III Simpósio Científico da Associação Brasileira de Trombonistas (ABT/2014). Autor: Osmário Estevam Júnior (Mestre em Musicologia) Universidade Federal do Rio de Janeiro (UFRJ) / Aluno do programa de Pós Graduação em Música (PPGM). Área Temática: Musicologia / etnomusicologia.

Resumo: Este artigo faz uma breve descrição de alguns fatos essenciais para o desenvolvimento da música urbana no Brasil. Leva-se em conta a presença curiosa do trombone em periódicos da época e o uso da música pelos trabalhadores negros, escravos ou livres, e imigrantes. Palavras chave: Bèlle Èpoque carioca, “Pequena África”, Império Brasileiro, trombone e música urbana.

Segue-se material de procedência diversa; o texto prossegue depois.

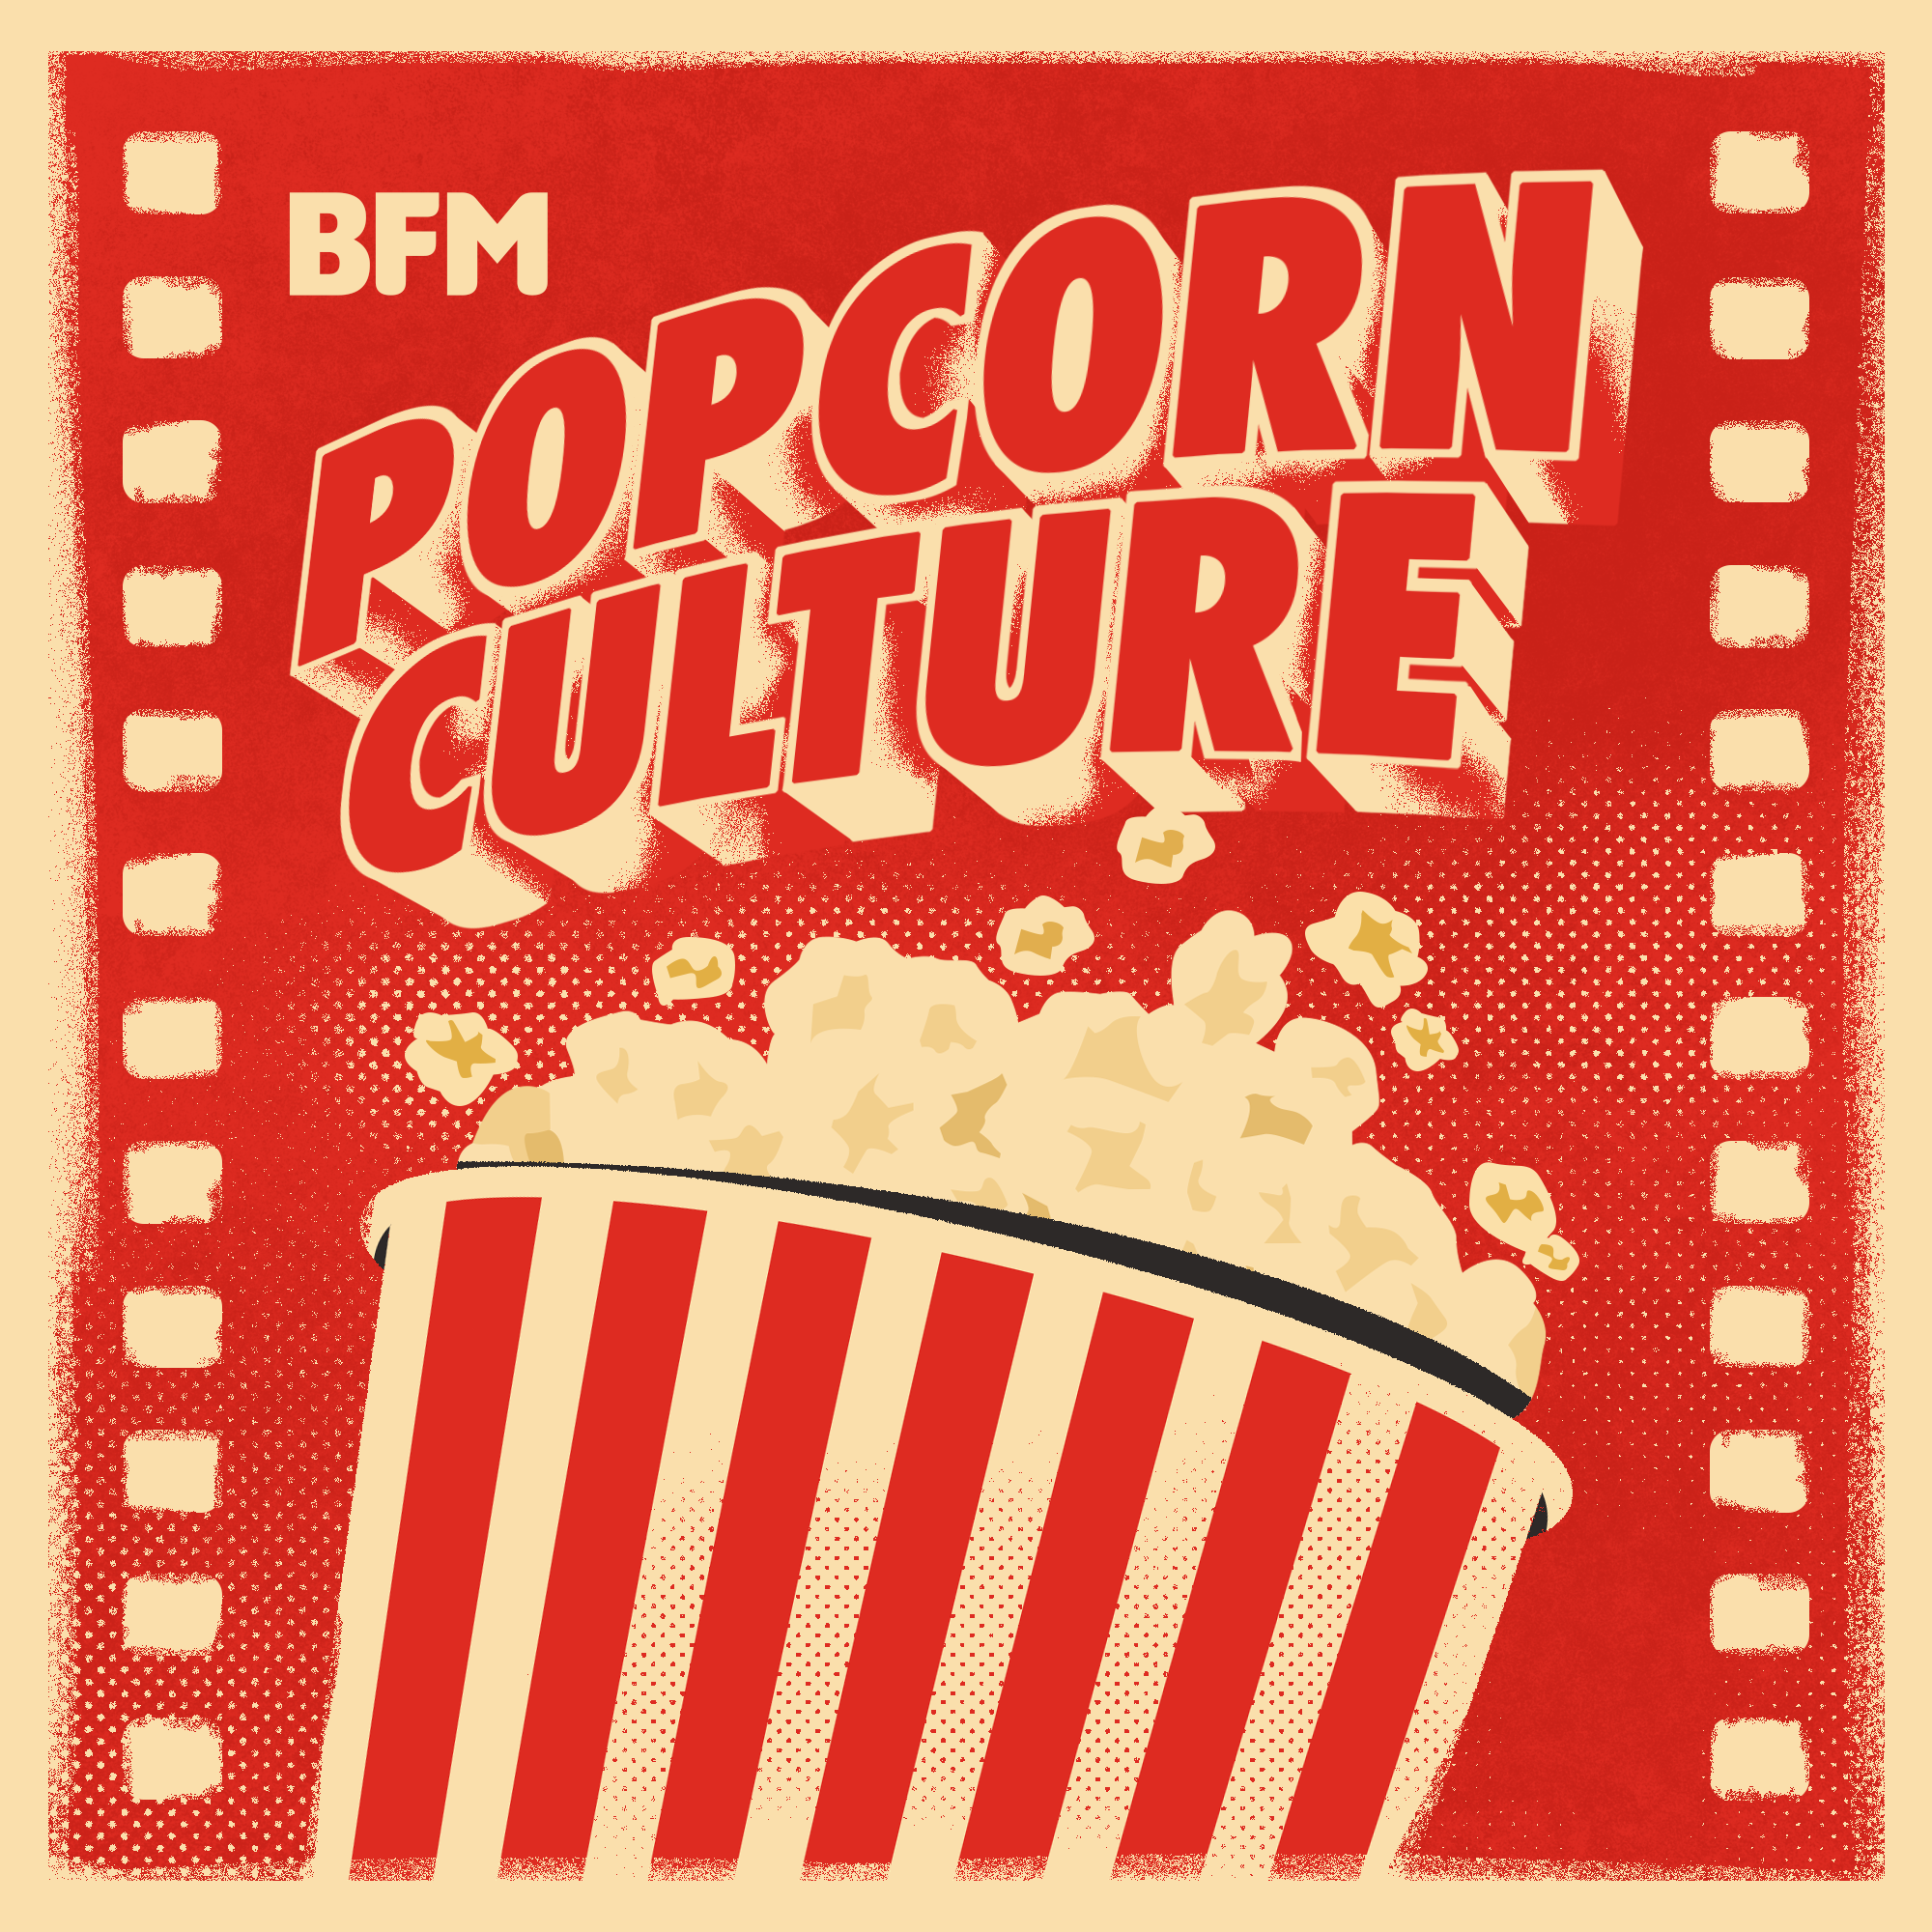 Popcorn Culture - Review: Fingernails

Abstract: This article is a brief description of some essential facts to the development of urban music in Brazil. It takes into account the curious presence of the trombone in newspapers of the time and the use of music by blacks, slave or free workers, and immigrants. Keywords: Carioca Bèlle Èpoque, “Little African”, Brazilian Empire, trombone and urban music.

Antes da chegada da família real ao Brasil, a música já vinha se desenvolvendo entre os colonos, sendo que grande parte dos músicos atuantes eram escravos. A música do período colonial tinha se desenvolvido muito no interior de Minas Gerais, incentivada pela riqueza vinda com a extração de ouro e outras preciosidades. No começo da colonização, o Rio de Janeiro dependia muito do cultivo da cana de açúcar feito por escravos africanos, não tinha a mesma riqueza de Minas Gerais, mas atuou neste período, desenvolvendo as suas atividades portuárias, permitindo a entrada de produtos manufaturados europeus, e cafeeiras (FAUSTO, 2014). Depois da vinda da família real portuguesa para o Brasil, a partir de 1808, as atenções vieram a se concentrar mais no Rio de Janeiro, que, em decorrência de ter abrigado toda a corte lusitana e se tornado a nova

2 capital, passou por uma série de transformações urbanas. É em meio a estas transformações que se dá o surgimento da música urbana dos chorões, cujas origens se encontravam na “música dos barbeiros”1, presente no Rio de Janeiro e na Bahia. Para Tinhorão (1998), esta prática começou a ser documentada no século XVIII, quando estes barbeiros, que também eram hábeis em extrair dentes e aplicar sangue sugas, constituíam uma comunidade de músicos que tocam para a sua própria comunidade, diferentemente dos escravos músicos das grandes fazendas, que, comandados por músicos europeus, tocavam para as famílias ricas. Além disso, Tinhorão mostra que os barbeiros eram profissionais do entretenimento urbano e detinham um certo monopólio sobre a música para festas e determinados eventos.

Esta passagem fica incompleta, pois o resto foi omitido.